Malam itu, malam setelah pernikahan kami. Acara resepsi telah selesai. Sebelumnya, aku sudah meminta satu hal pada suamiku. Aku ingin melewati malam ini dengan Ibuku. Malam yang seharusnya adalah malam pertama suamiku boleh menyentuhku. Tapi aku memilih ibuku. Karena toh, akhirnya aku akan melewati hari-hariku dengannya. Awalnya suamiku agak sedikit keberatan. Tapi aku memohon. Akhirnya dia setuju. Meski aku tahu dia kecewa dan sakit hati. Karena mendapatkan malam pertama yang berbeda dari pasangan suami istri lainnya. Aku juga tidak tega melihatnya. Tapi aku tahu dia pria yang sabar dan pengertian. Di sisi lain, aku beruntung menjadi istrinya. Tapi, di sisi lain ada Ibuku. Aku tidak rela berpisah dengannya.
Hari-hari yang kulalui telah berbeda. Saat ini aku tidak tinggal bersama ibuku. Aku menuruti perintah suamiku untuk tinggal di rumahnya sementara, bersama mertua. Sampai kita punya rumah sendiri. Awalnya aku menolak. Aku tidak mau meninggalkan ibuku seorang diri.
Sebelum menikah, sebenarnya hanya akulah yang dipunyai ibuku. Aku anak bungsu. Semua kakakku sudah menikah. Jadi tinggal aku yang menemani ibu di rumah. Rumah yang dulunya ramai. Tapi satu persatu anggota keluarga pergi mengikuti suami masing-masing. Sempat ada kakakku yang menolak tinggal dengan suaminya di rumah mertua. Karena kakakku juga masih ingin tinggal bersama ibu. Biar suaminya saja yang tinggal di rumah kami. Tapi ibu membiarkan. Daripada terjadi hal yang tidak diinginkan. Lebih baik ibu mengalah dan membiarkan anaknya pergi.
Berkali-kali kutanyakan pada suamiku. Kenapa tidak tinggal di rumahku saja. Rumahku masih cukup luas untuk menampung kita. Alasannya, tetap sama.
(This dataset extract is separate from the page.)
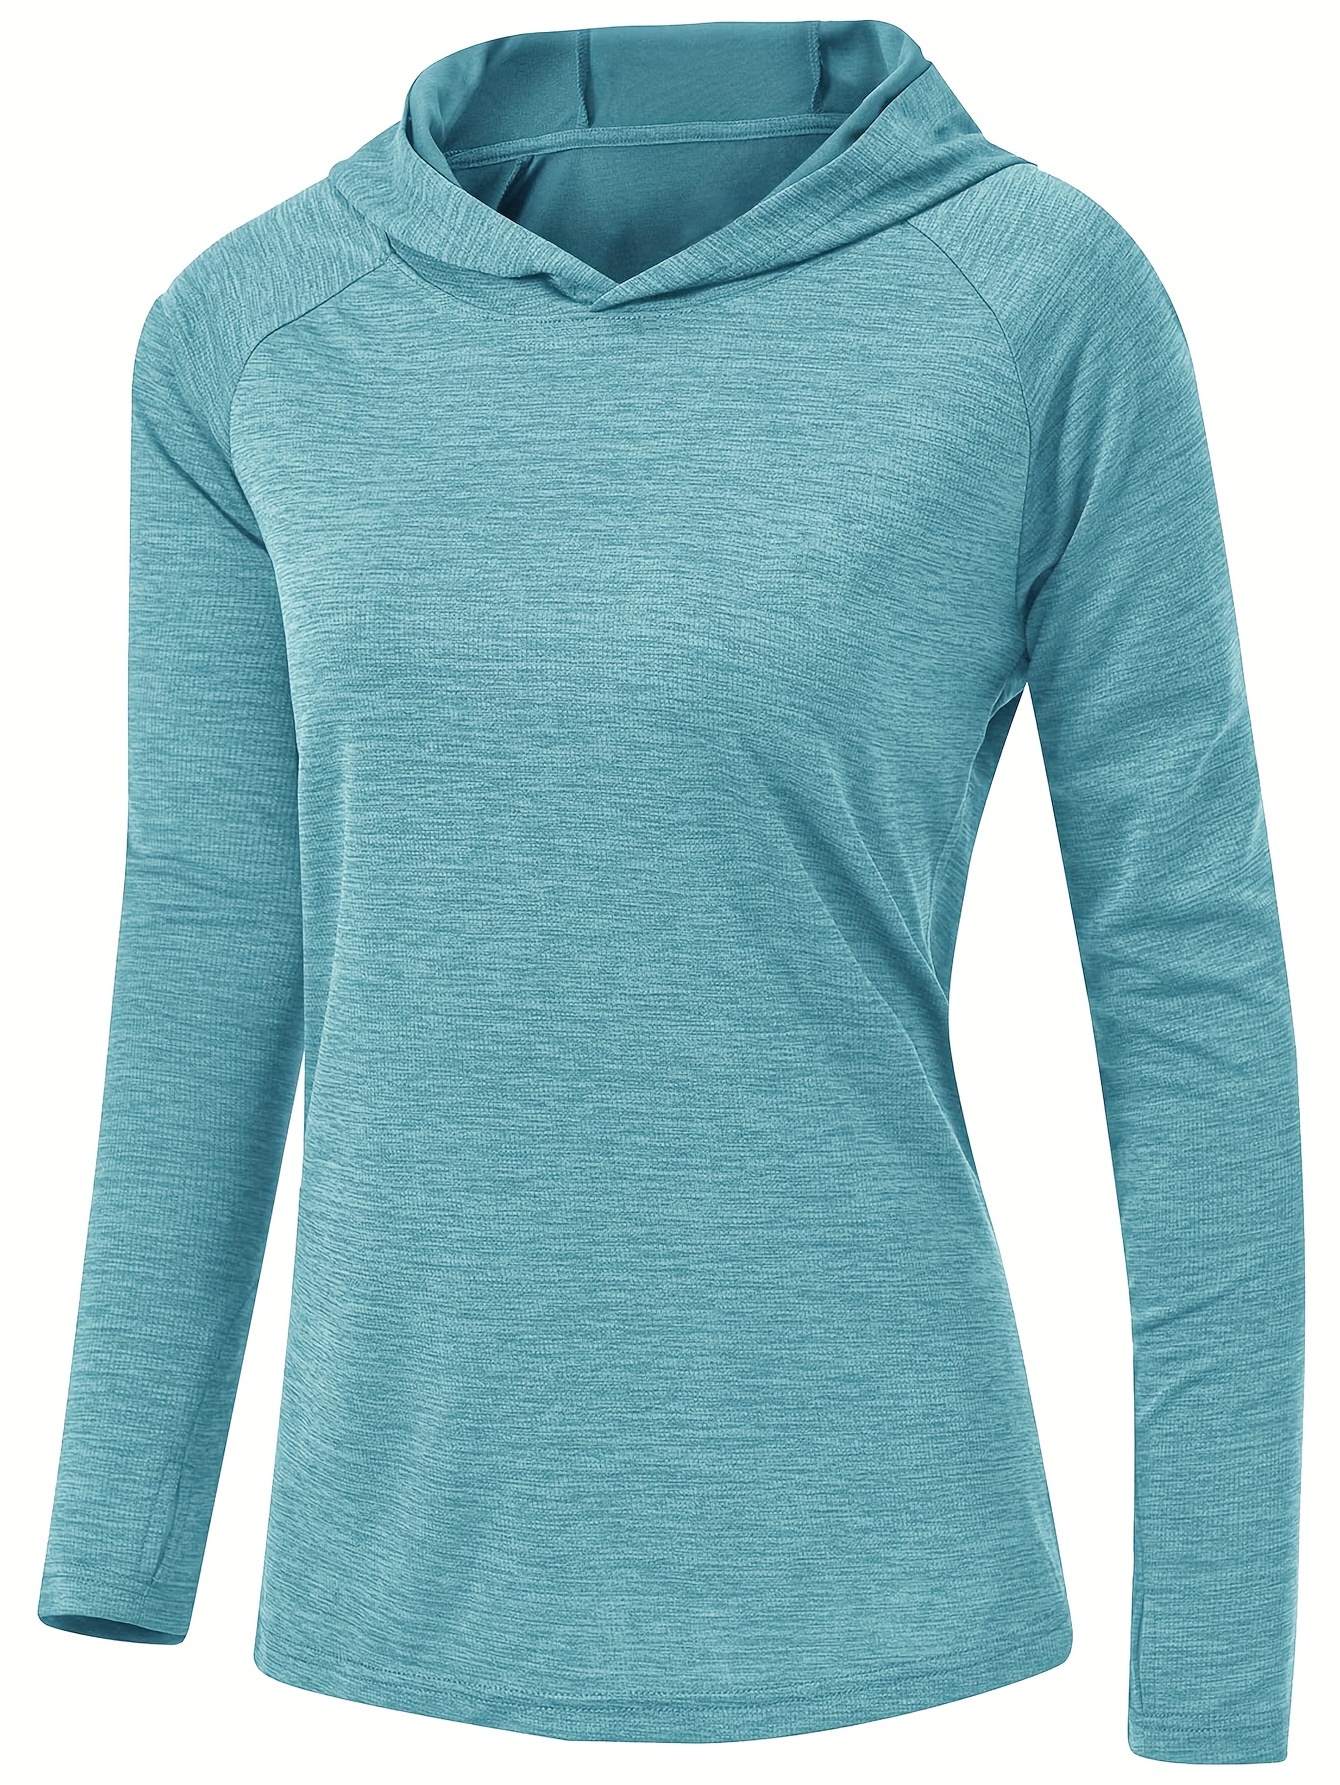 Womens Upf 50+ Sun Protection Hoodie Shirt, Long Sleeve Lightweight Fishing Hiking Outdoor UV Shirt, Women's Tops

Rumahku terlalu jauh dari tempat kerjanya. Aku kasihan pada ibuku. Siapa yang kini dia ajak bicara. Tiada lagi orang yang bisa diajak ngobrol. Hanya ada sepupuku, itu pun dia memiliki keterbelakangan mental. Aku tidak tega. Di sini, aku melayani Ibu suamiku. Sementara ibuku, siapa yang melayaninya.
Aku rindu saat-saat dimana aku berbicang-bincang bersama ibuku. Obrolan pengantar tidur kami. Rindu akan sentuhan tangannya membelai rambutku. Sudah 2 bulan berlalu. Aku belum pernah mengunjungi ibuku. Bagaimana keadaannya sekarang? Bagaimana raut wajahnya? Tambah keriputkah? bertambahkah rambut putih di kepalanya. Aku harap Ibu masih seperti terakhir aku meninggalkannya. Masih kelihatan segar. Kini, aku hanya bisa mendengar suara ibu lewat telepon.
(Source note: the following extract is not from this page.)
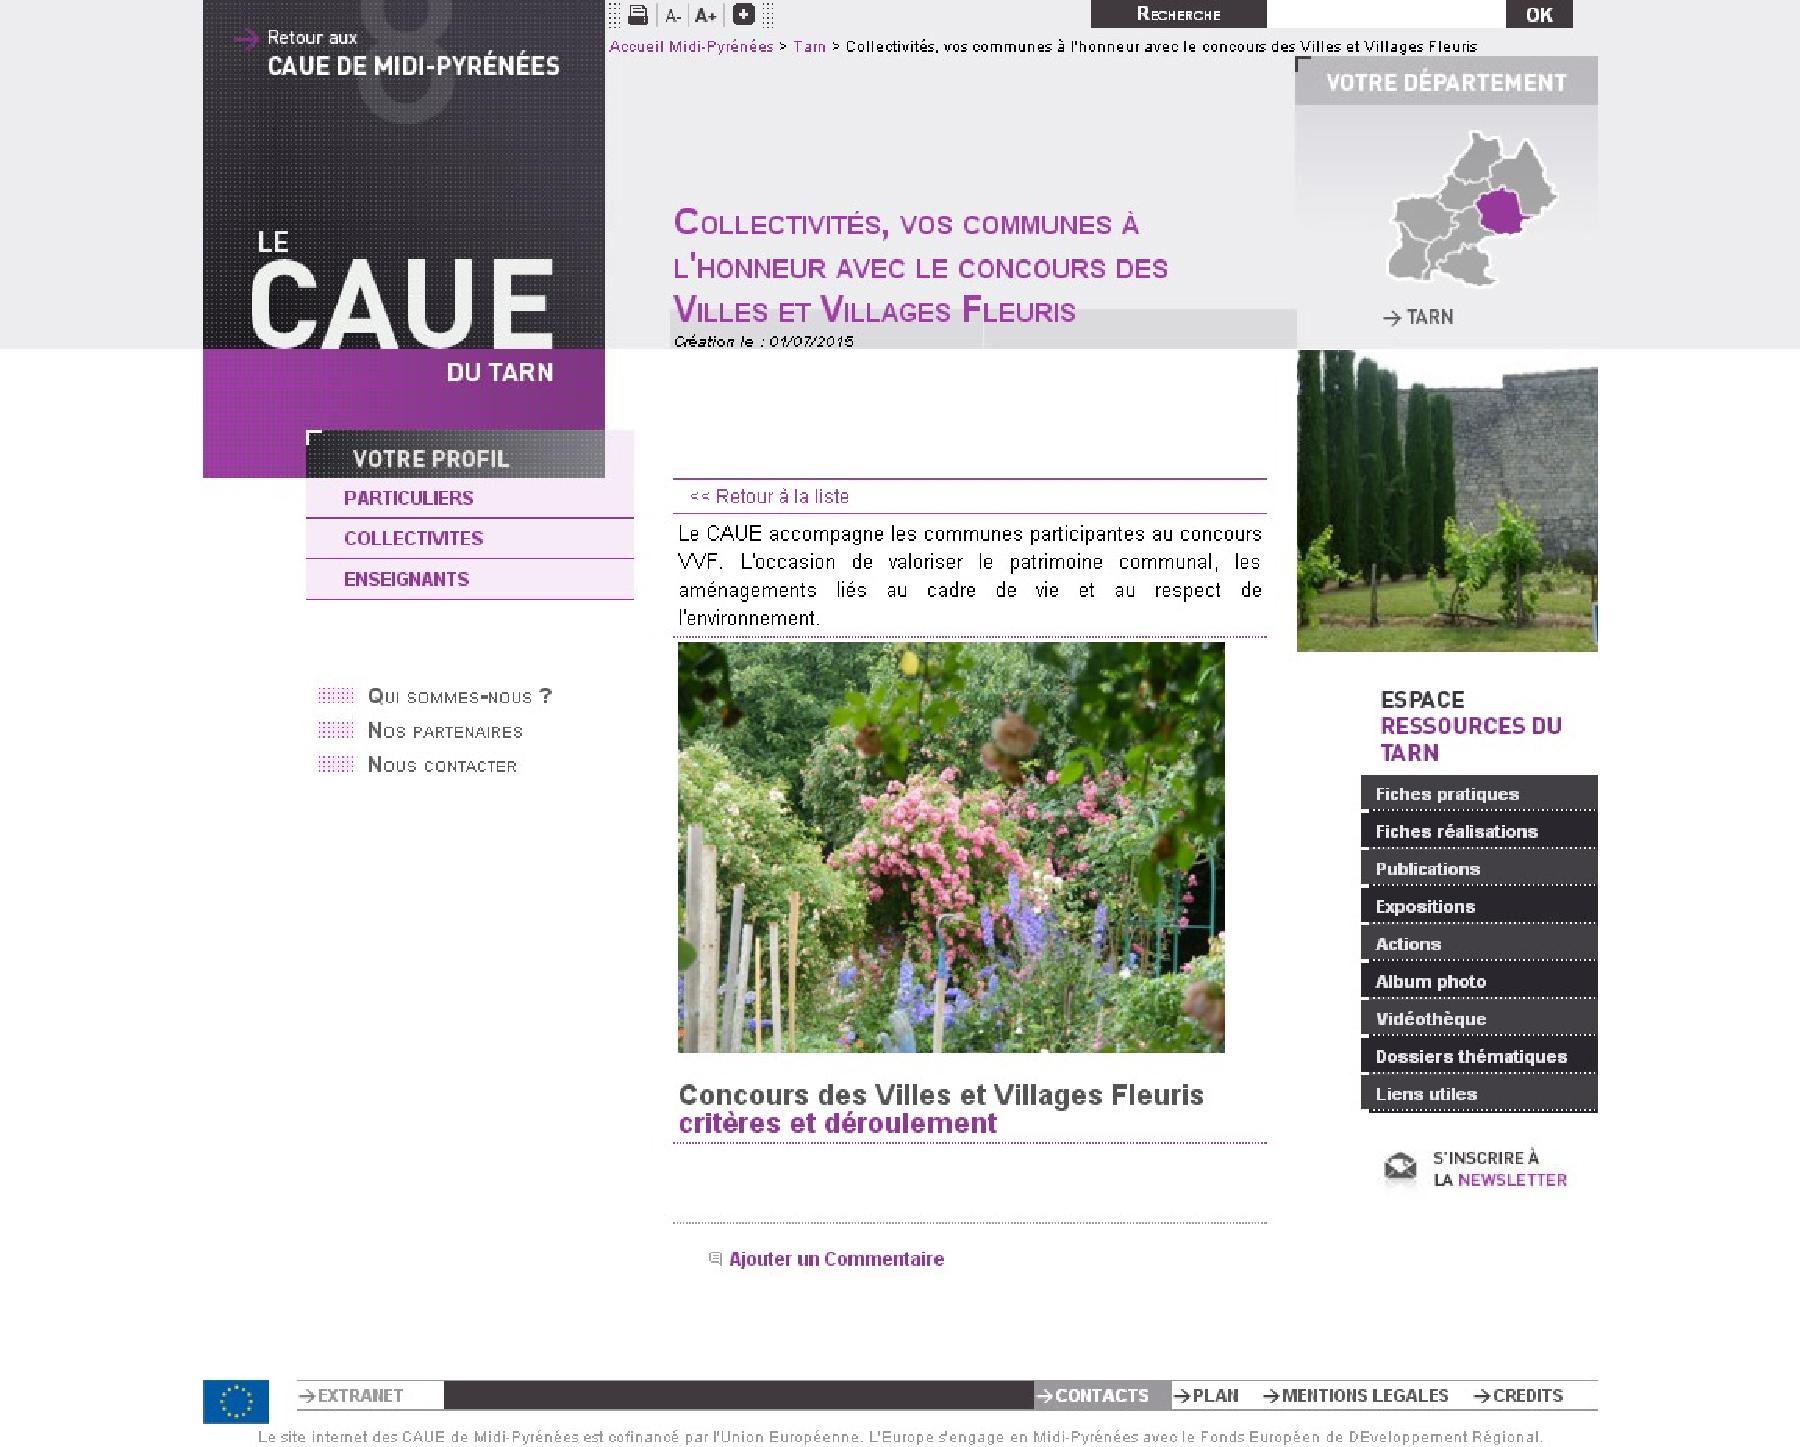 www.caue-mp.fr_81-tarn villages fleuris-page-001.jpg

Terakhir aku melihatnya, saat malam pesta pernikahan itu. Berkali-kali aku meminta suamiku untuk mengunjungi ibuku. Tapi dia belum bisa. Katanya, pekerjaannya menumpuk. Tapi aku tetap bersyukur untuk yang satu ini. Aku tidak perlu bekerja lagi. Suamiku menyuruhku berhenti. Gajinya sudah sangat cukup untuk membiayai kehidupan kami, bahkan masih berlebih. Dia mapan. Pekerjaannya sangat bagus untuk ukuran keluargaku yang sangat pas-pasan. Tapi kenapa, aku merasa tidak bahagia?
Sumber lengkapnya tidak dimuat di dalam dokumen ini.